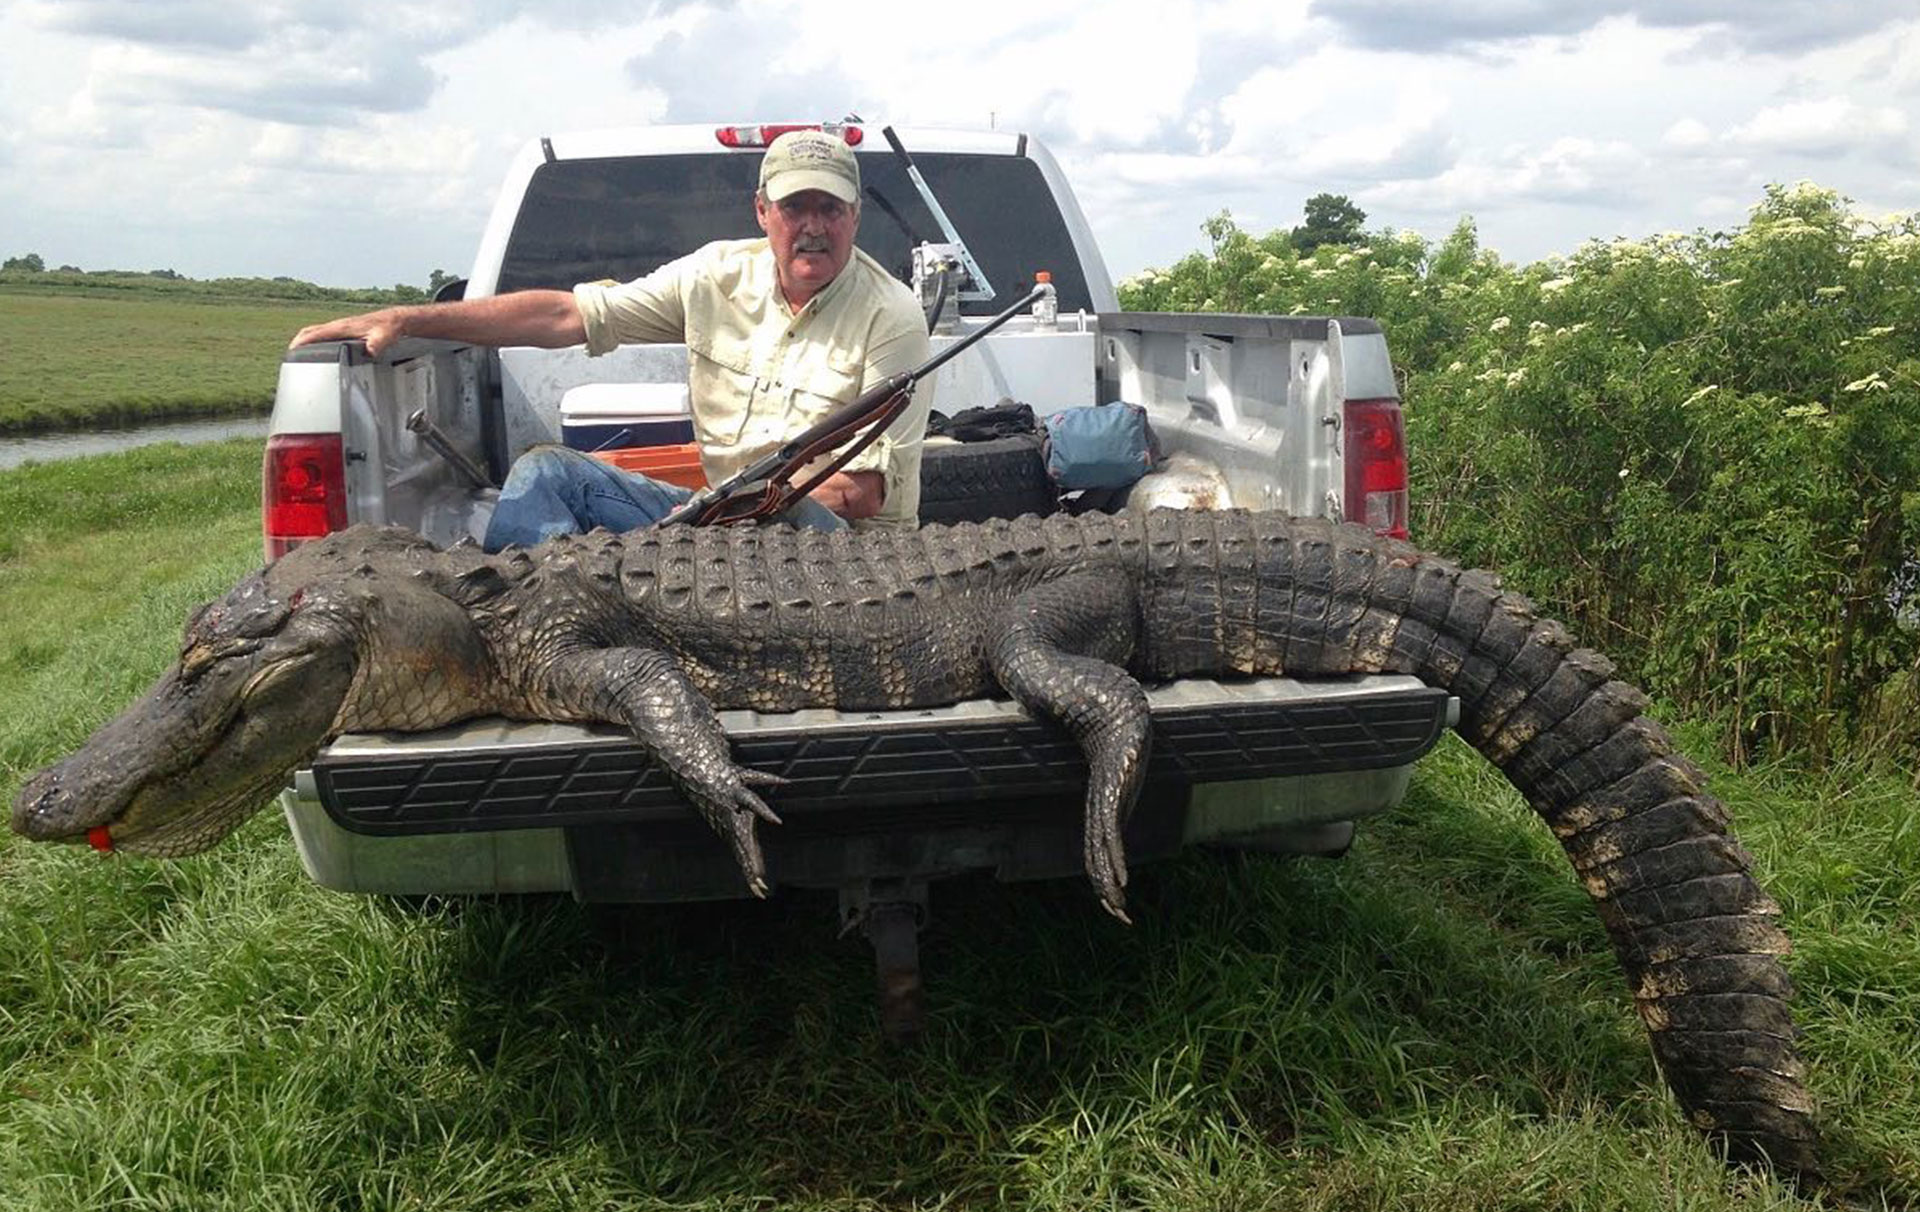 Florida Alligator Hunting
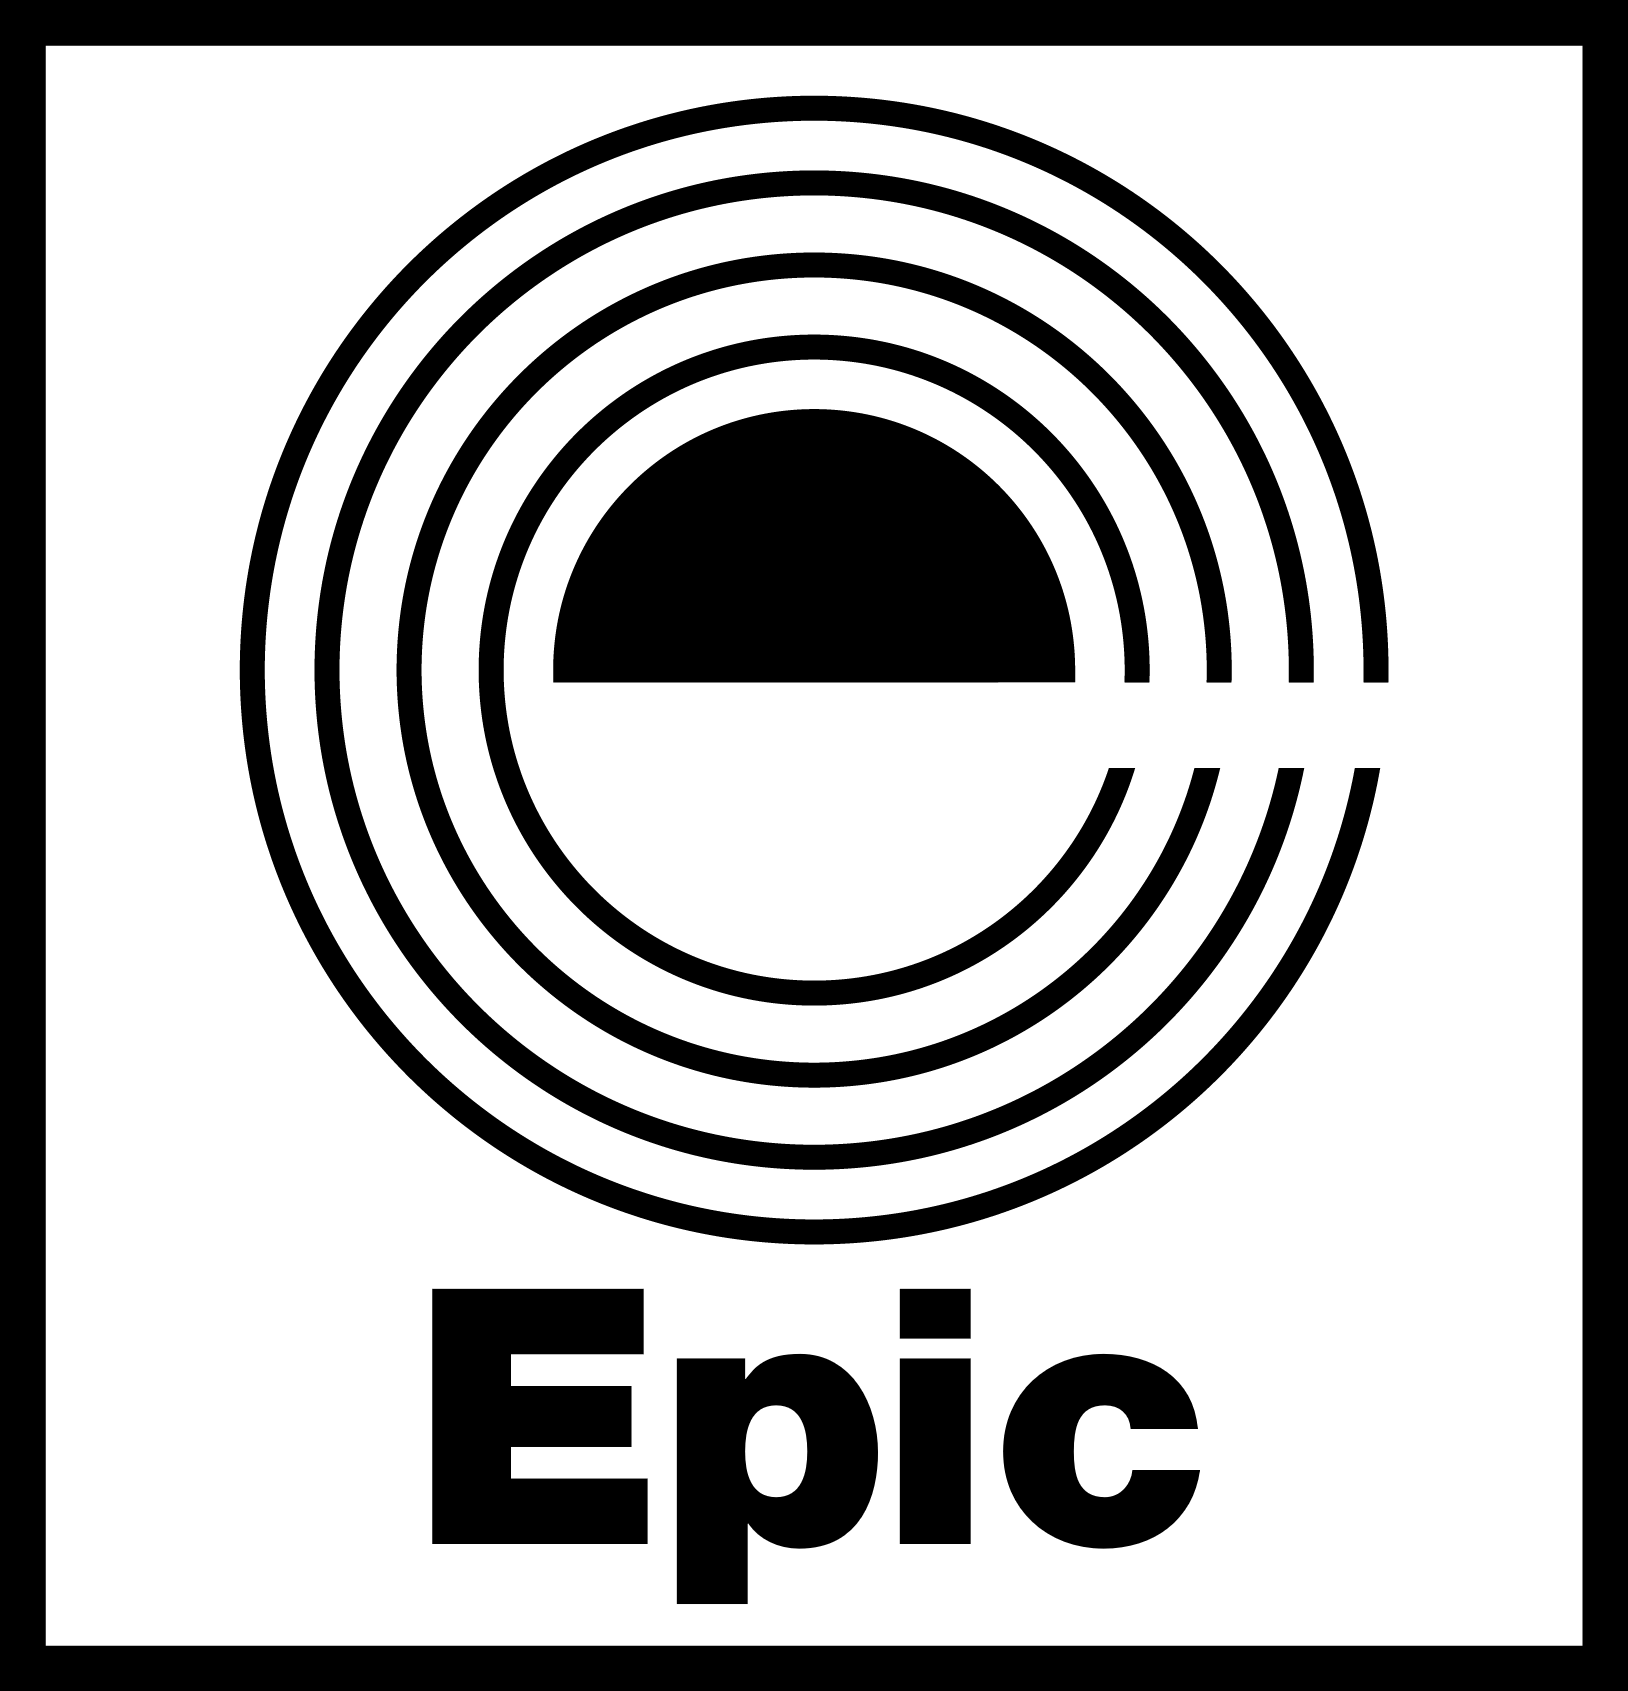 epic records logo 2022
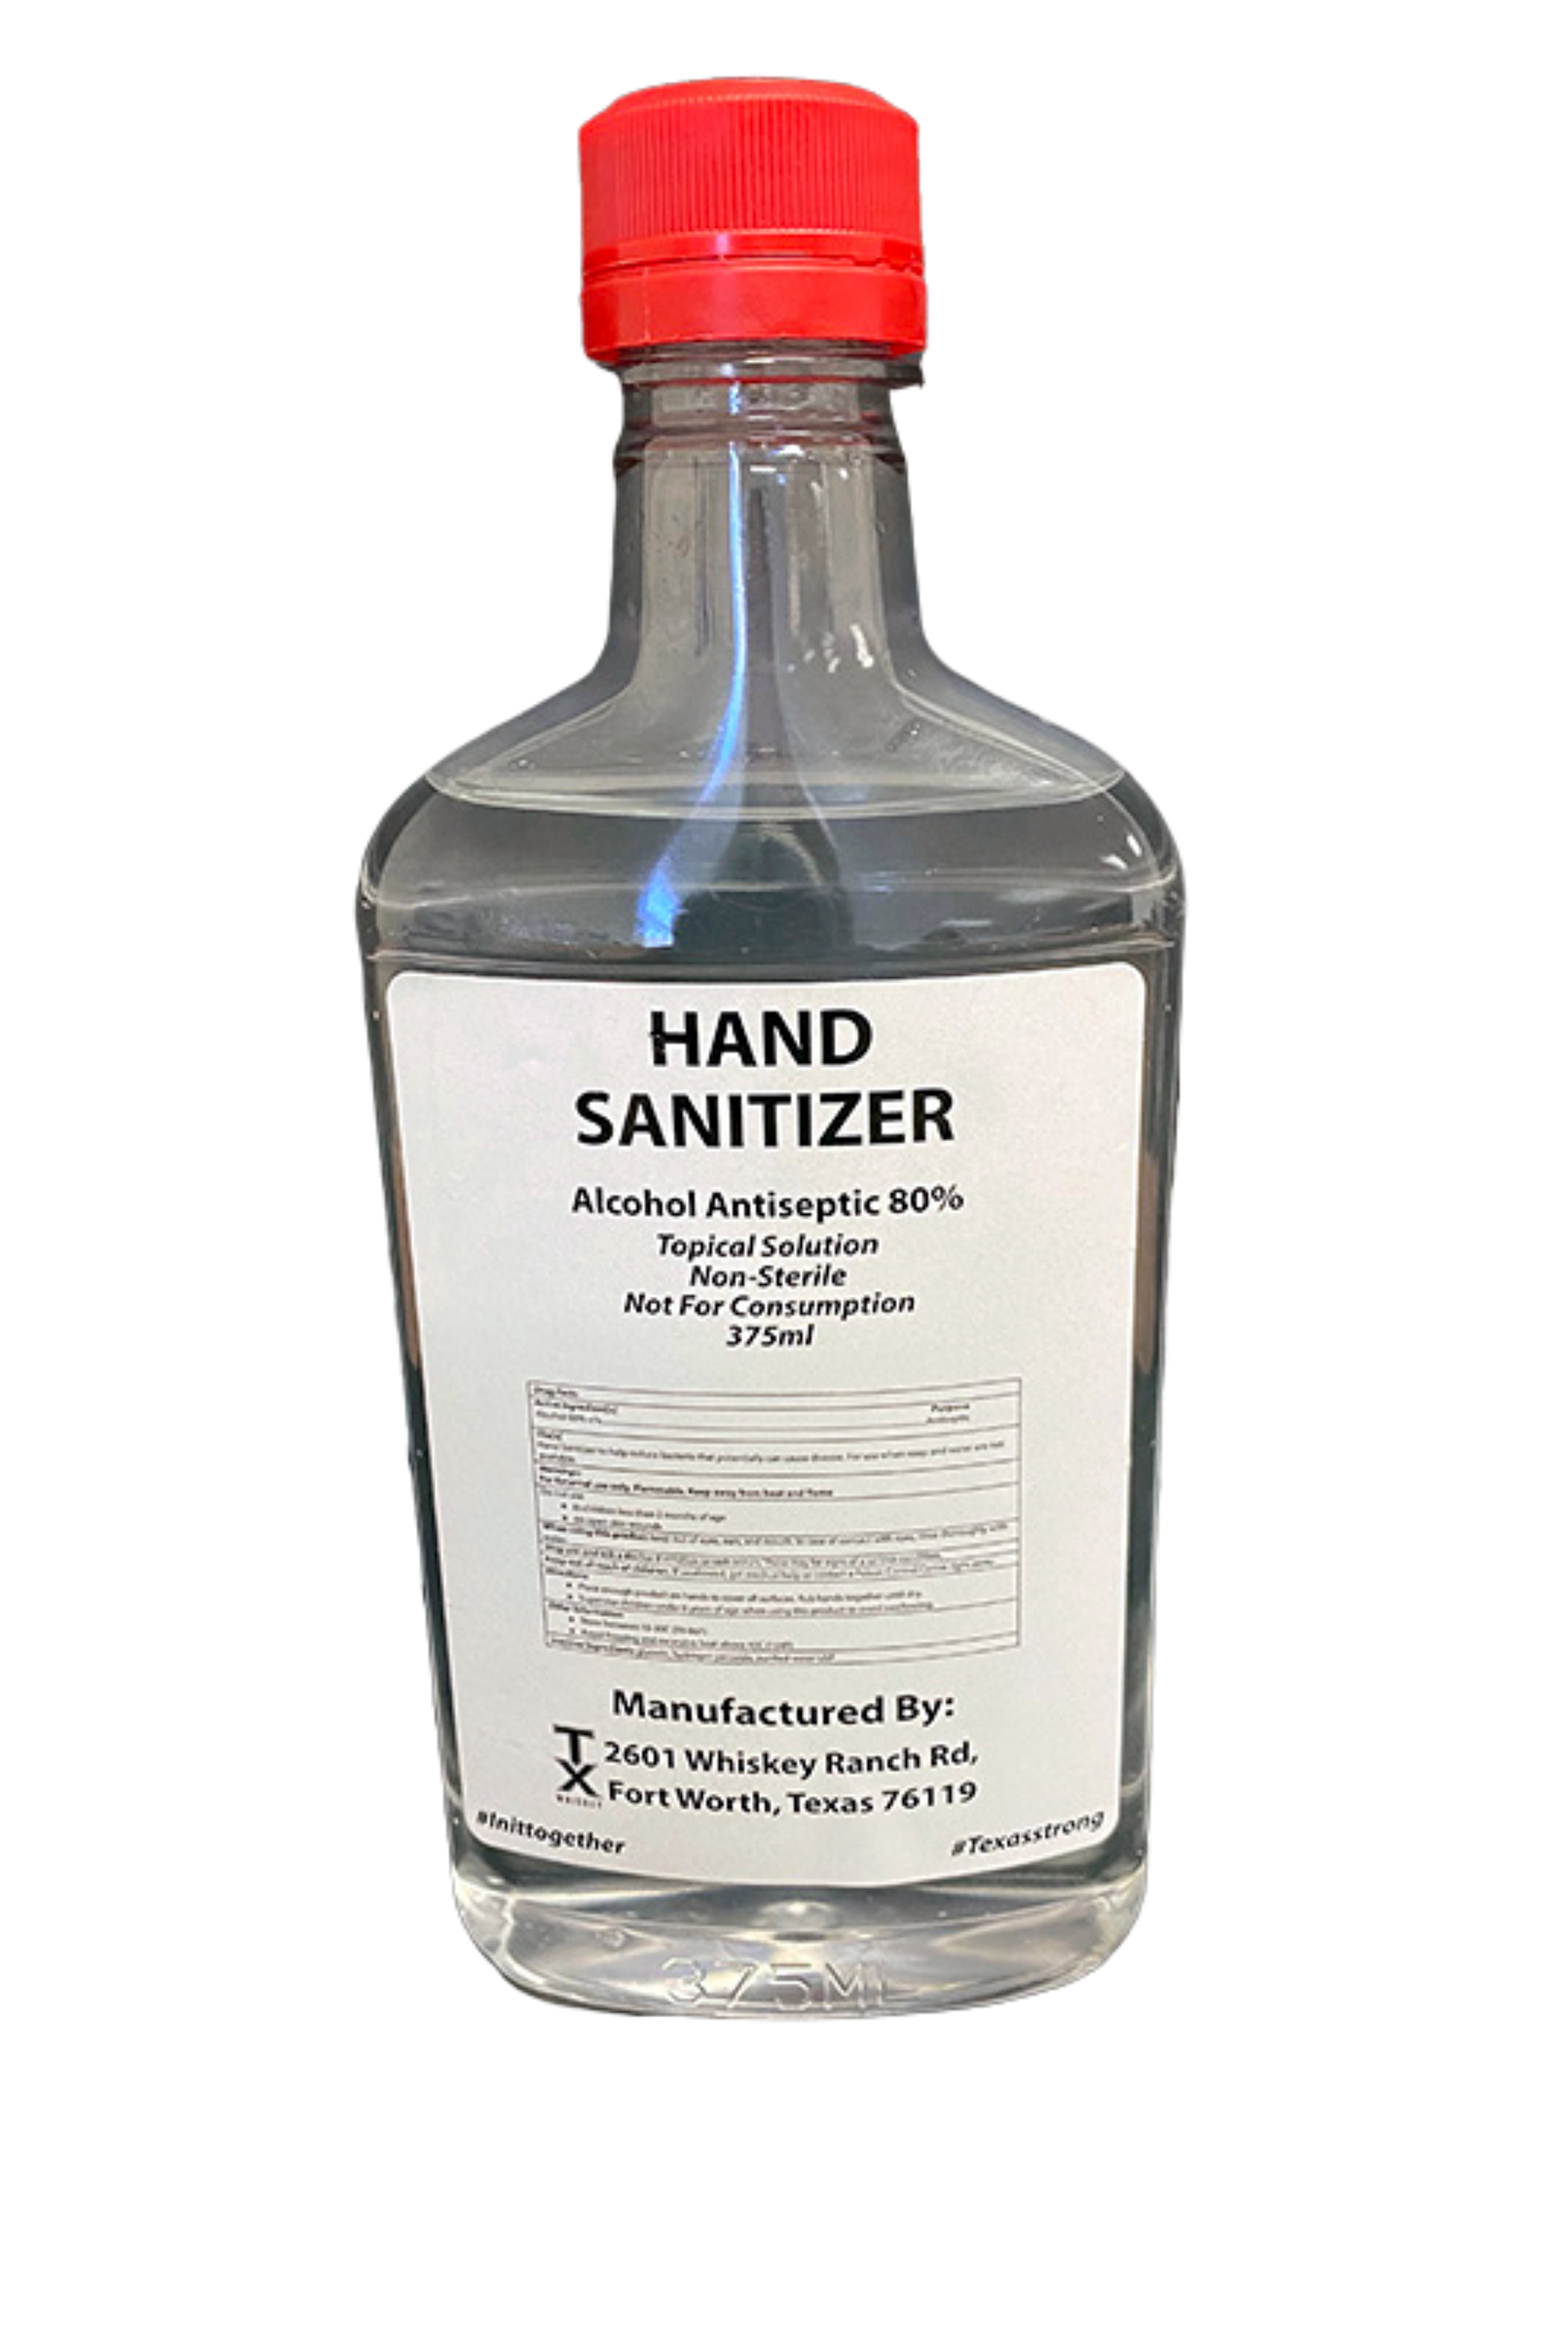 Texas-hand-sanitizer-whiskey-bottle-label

+-------+

__Instructions to follow__
All of the lines above should be copied exactly, apart from the pictures.

__Response box__
 Florida Alligator Hunting
 epic records logo 2022
 Texas-hand-sanitizer-whiskey-bottle-label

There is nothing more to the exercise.